Industry our bodies COAI and Broadband India Forum (BIF) had been locked in a pitched battle on the difficulty of therapy of OTTs whereas consultations on the draft telecom invoice was underway.
The telecom service suppliers, underneath the aegis of COAI, have been pushing for OTT communication companies to be introduced underneath regulation. COAI has been propagating ‘identical service identical guidelines’ for OTT communication companies and telcos, to make sure a degree enjoying area.
On the opposite hand, digital think-tank BIF — which counts tech corporations resembling Tata Consultancy Services, Cisco, Amazon, Google, Microsoft, and Facebook-owner Meta as its key members — has warned that the regulation of OTT gamers may stifle the socioeconomic ecosystem and harm innovation.
COAI, in a notice outlining the current submissions on the draft telecom invoice, mentioned: “The OTTs providing telecom services similar to telcos such as voice/video calling and messaging within the meaning of telecom Bill… be defined clearly, and the same regulatory and security obligations to be met by them as done by TSPs for providing similar services.”
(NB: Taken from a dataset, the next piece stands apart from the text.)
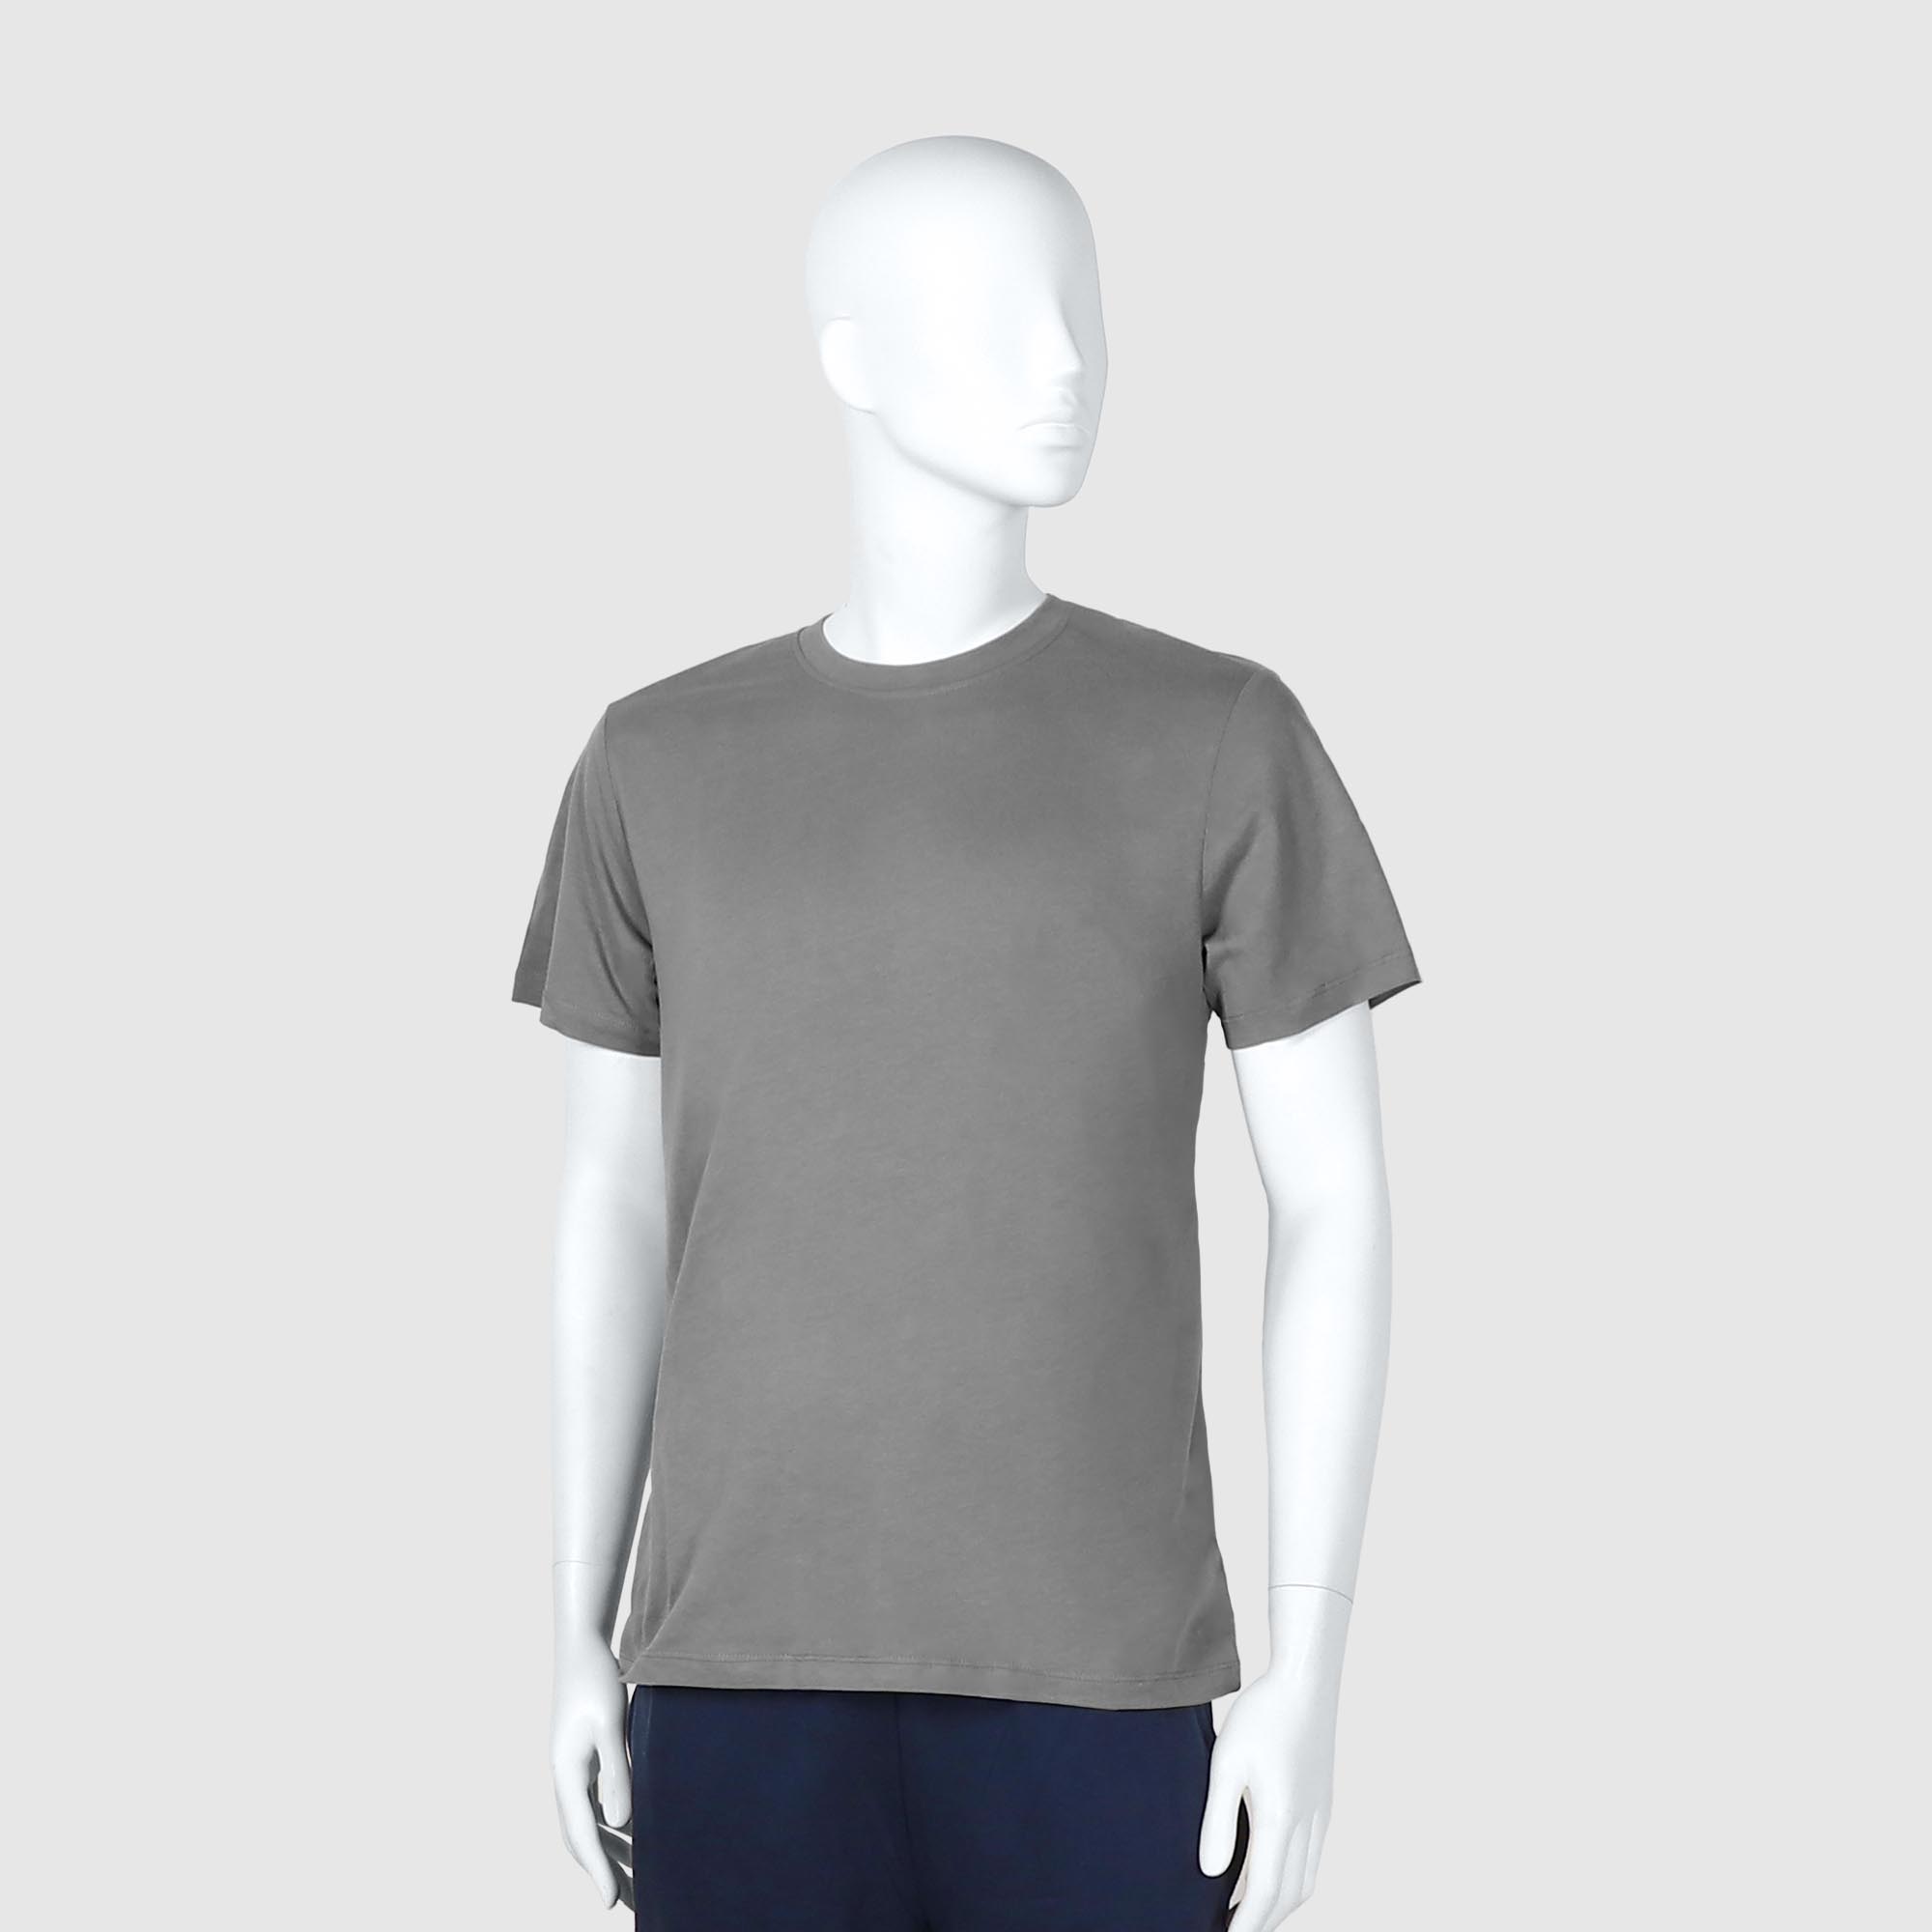 Мужская футболка Diva Teks серая (DTD-04), цвет серый, размер 54-56

Alternatively, it mentioned, OTT communication service suppliers will pay on to the telcos to be used of their networks for offering companies “in a fair and equitable manner by way of an equivalent interconnect charge [say network access charge] for the actual traffic carried by these OTTs on TSPs network, which can be easily measured.”
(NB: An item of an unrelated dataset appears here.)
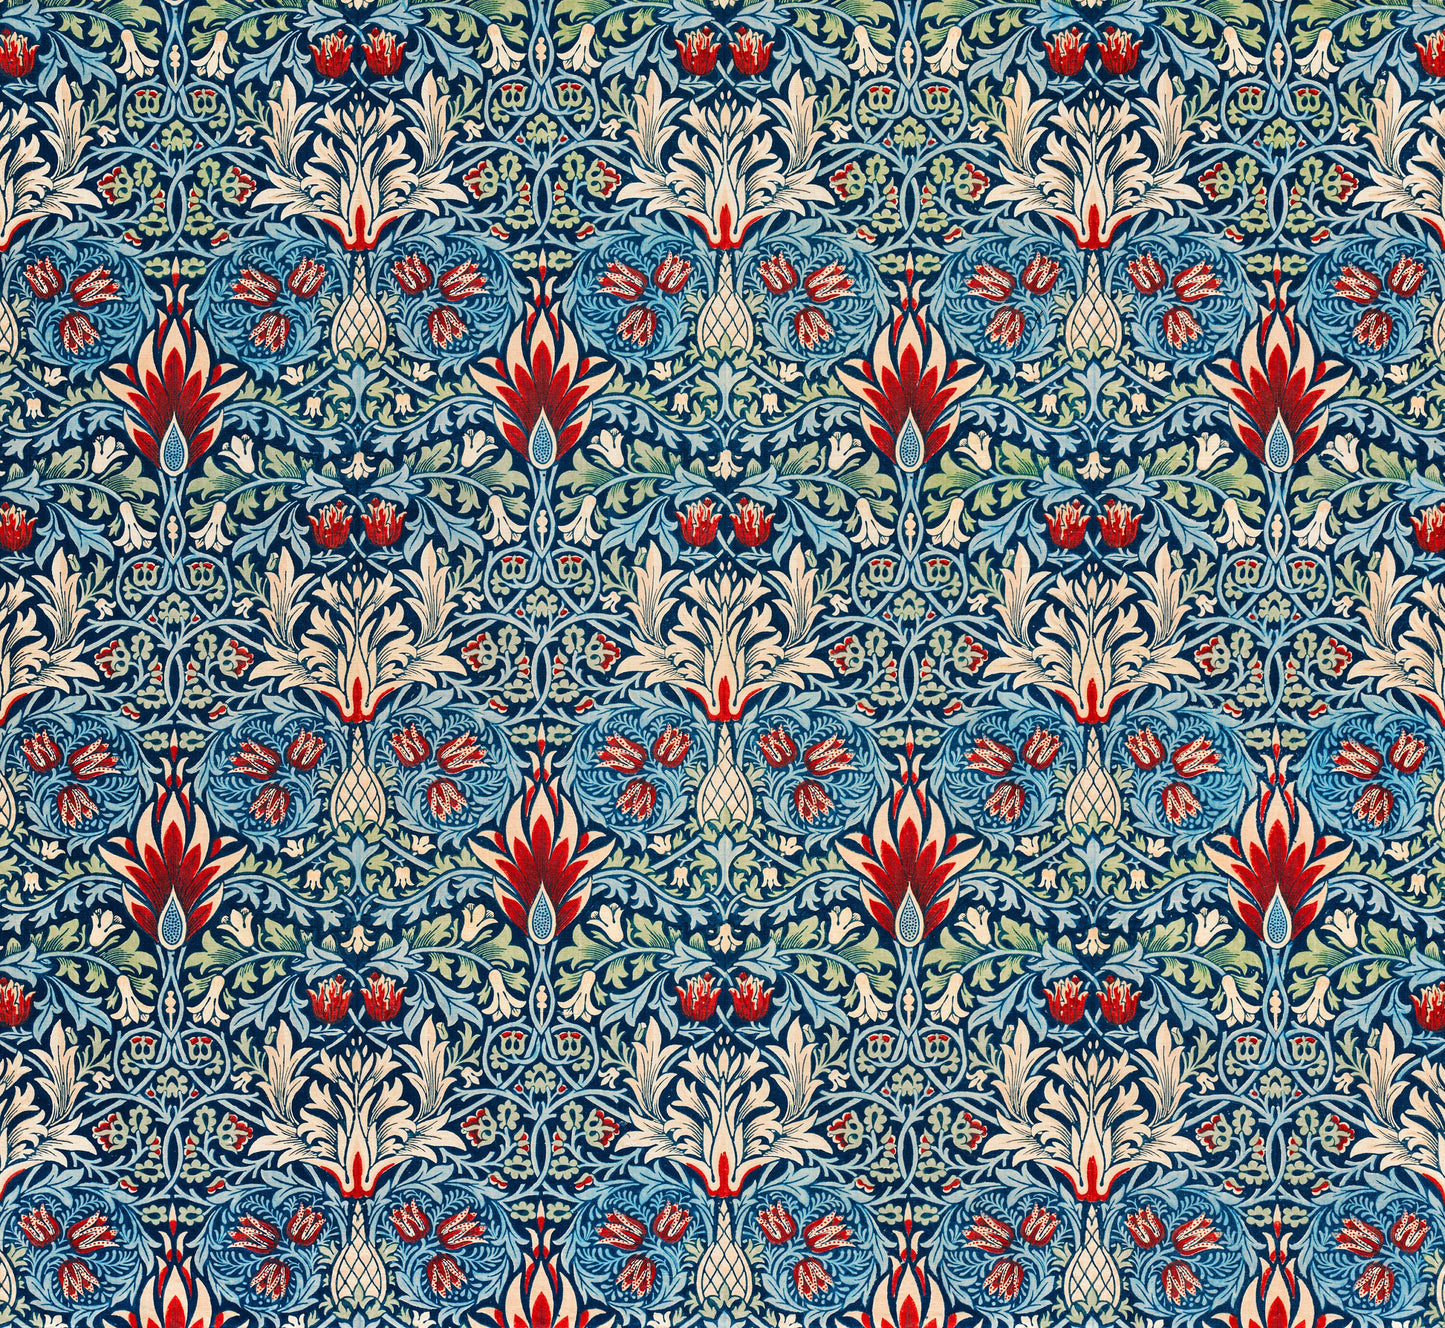 William Morris Design Patterns Set 3 [22 Images]

The contribution of OTTs to community prices will be primarily based on assessable standards resembling quantity of visitors, turnover threshold and variety of customers, amongst others.
COAI cited a report which estimated that 56% of the worldwide information visitors on telcos’ community is from main OTTs. The affiliation additionally went on to recommend that OTT contribution to exchequer, if a levy is put in place, may very well be about Rs 800 crore.
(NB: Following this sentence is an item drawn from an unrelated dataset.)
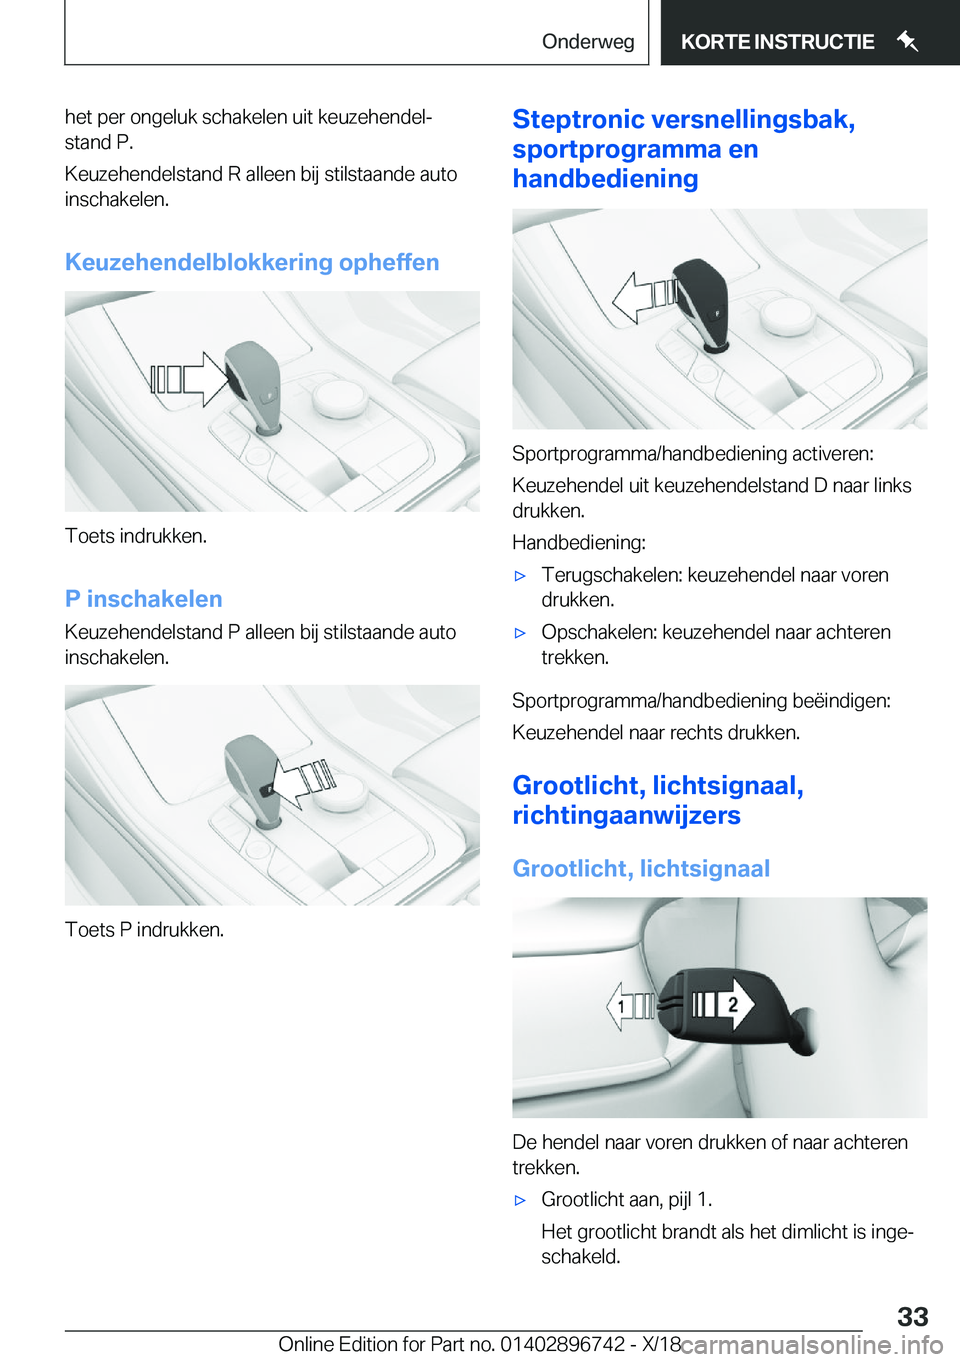 BMW X5 2019  Instructieboekjes (in Dutch) �h�e�t��p�e�r��o�n�g�e�l�u�k��s�c�h�a�k�e�l�e�n��u�i�t��k�e�u�z�e�h�e�n�d�e�lj�s�t�a�n�d��P�.
�K�e�u�z�e�h�e�n�d�e�l�s�t�a�n�d��R��a�l�l�e�e�n��b�i�j��s�t�i�l�s�t�a�a�n�d�e��a�u�t�o �i�n�s

“Since the telecom service providers will be receiving the revenue from OTTs as part of their telecom services rendered, they would automatically be paying licence fee to the Government [as part of TSP’s Adjusted Gross Revenue] on an incremental basis to the extent of the payments by OTTs to the TSPs,” COAI mentioned.
Other main suggestions of COAI — whose members embrace Reliance jio, Bharti Airtel and Vodafone Idea — embrace discount of licence payment from 3% to 1%, a transfer the affiliation says will be certain that extra funds can be found to gamers for rollout of networks. The suggestion on reducing of levies can also be a part of COAI’s pre-Budget wishlist to the federal government.
COAI additional mentioned web shutdowns not solely have an effect on telcos’ Average Revenue Per User, but additionally the patron base.
“Non commercial infrastructure is also required to be set up by the telecom service providers in this regard, costing them. Reimbursement for the same to be considered by the Government,” COAI has prompt. There ought to be commonplace working procedures spelt out for such actions and accountability for a similar should lie with the officers initiating or supervising such actions, it famous.
Beside this, it mentioned, contributions in the direction of the Telecom Development Fund ought to be met from budgetary allocation and from quantities collected by spectrum auctions as additionally “from contribution from entities that cause the traffic, that is, OTTs — streaming, gaming and social media companies”.
So far as safety of customers is worried, the “Bill may be extended to cover cyber or financial fraud or unsolicited commercial communications and may include a proviso to align the powers of Telecom Department on this issue with TRAI. Ideally there should be only one body regulating the issue,” COAI mentioned.
The draft telecom invoice seeks to switch three legal guidelines — the Indian Telegraph Act, 1885, the Indian Wireless Telegraphy Act, 1933 and the Telegraph Wires (Unlawful Possession) Act, 1950.
The invoice proposes all web calling and messaging apps to adjust to the Know Your Customer (KYC) provisions after they come underneath the telecom regulation ambit.
The telecom division has additionally mooted a provision for the refund of charges in case a telecom or web supplier surrenders its licence.